The fourth column is for the transliteration of Hebrew prayers that are recited aloud in most synagogues.
“It is meant to be a 21st-century prayer book that empowers individuals so that the diverse community we have become can find themselves in the prayer book,” Rabbi Schonfeld said.
It took five years to write the new Sabbath and festival siddur and Rabbi Schonfeld said she believes a siddur for daily worship will be compiled in the future using the same format.
Rabbi Feld said he views the new siddur — which has an advance sale of 40,000 copies — as a Jewish anthology because “you can see how medieval Jews related to the liturgy and how Israeli Jews relate; it’s a totally Jewish experience.”
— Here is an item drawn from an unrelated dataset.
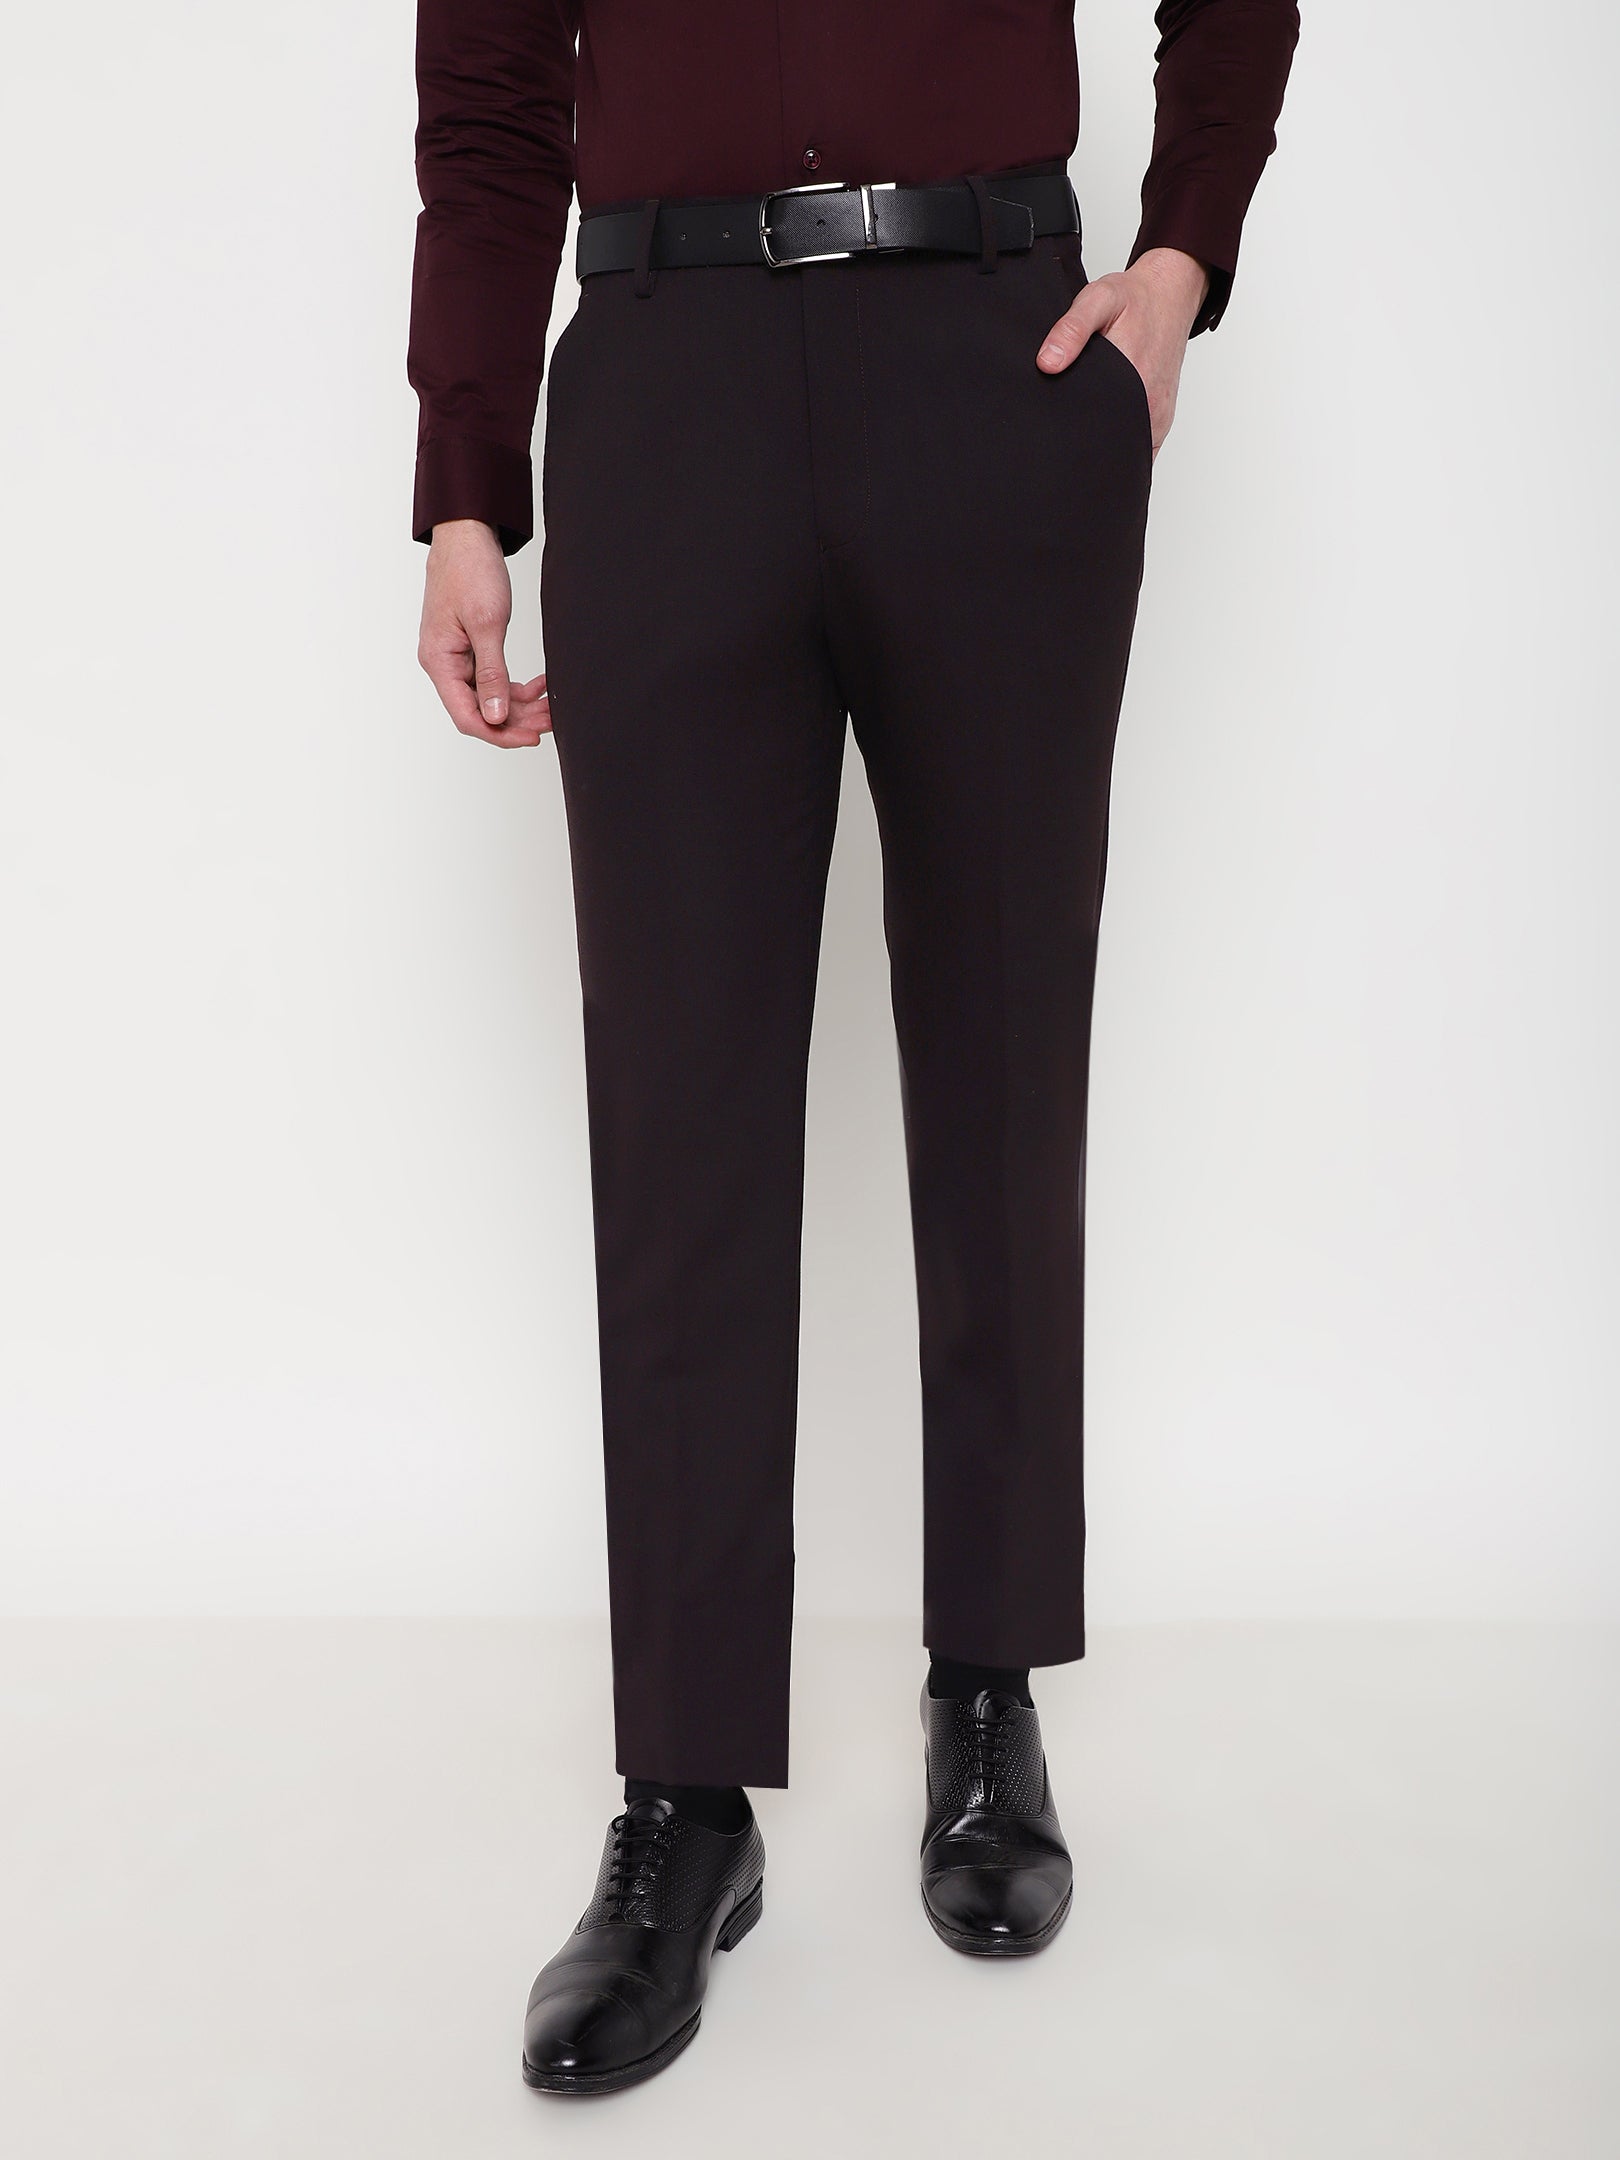 Buy Inspire Premium Black Slim Fit Trouser (28) at Amazon.in

In seeking to reposition the movement, Conservative leaders are mindful of an analysis of a Pew Research Center survey by sociologist Steven M. Cohen that found that between 1990 and 2013 the number of American Jewish adults who self-identify as Conservative and belong to a synagogue dropped from about 1.5 million to 962,000. And the number of those who identify as Conservative but do not belong to a congregation fell from 739,000 to 392,000. At the same time, the number of synagogues affiliated with United Synagogue reportedly dropped from 675 in 2009 to 580.
To reflect its diverse membership, the movement’s new siddur includes traditions from the vast array of Jewish cultures, including North African, Italian, Sephardic, Middle Eastern, as well as Ashkenazi. For instance, the prayer for rain recited on Shemini Atzeret includes a poem Ashkenazim usually recite as well as a Sephardic version.
In the section dealing with the prayers recited when one receives an aliyah, the new siddur includes in the left column the additional words recited by Sephardim, as well as the response of the congregation.
“We did this so that in a mixed community all of the congregants would know what is going on when Sephardi congregants are called to the Torah,” Rabbi Uhrbach explained. “Synagogues such as Temple Israel in Great Neck and Temple Sinai in Los Angeles have large numbers of Sephardic members. Everyone should know the richness of our tradition and know that the service is not written in stone. There have been differences over time and in different communities.”
Rabbi Feld said he hopes Jews “will find material in the siddur that allows them to enter into the tradition without having to give up who they are.”
“If you want to know what Conservative Judaism is, look at this siddur,” he said. “It is respectful and understanding of the traditions and it lives within the 21st century.”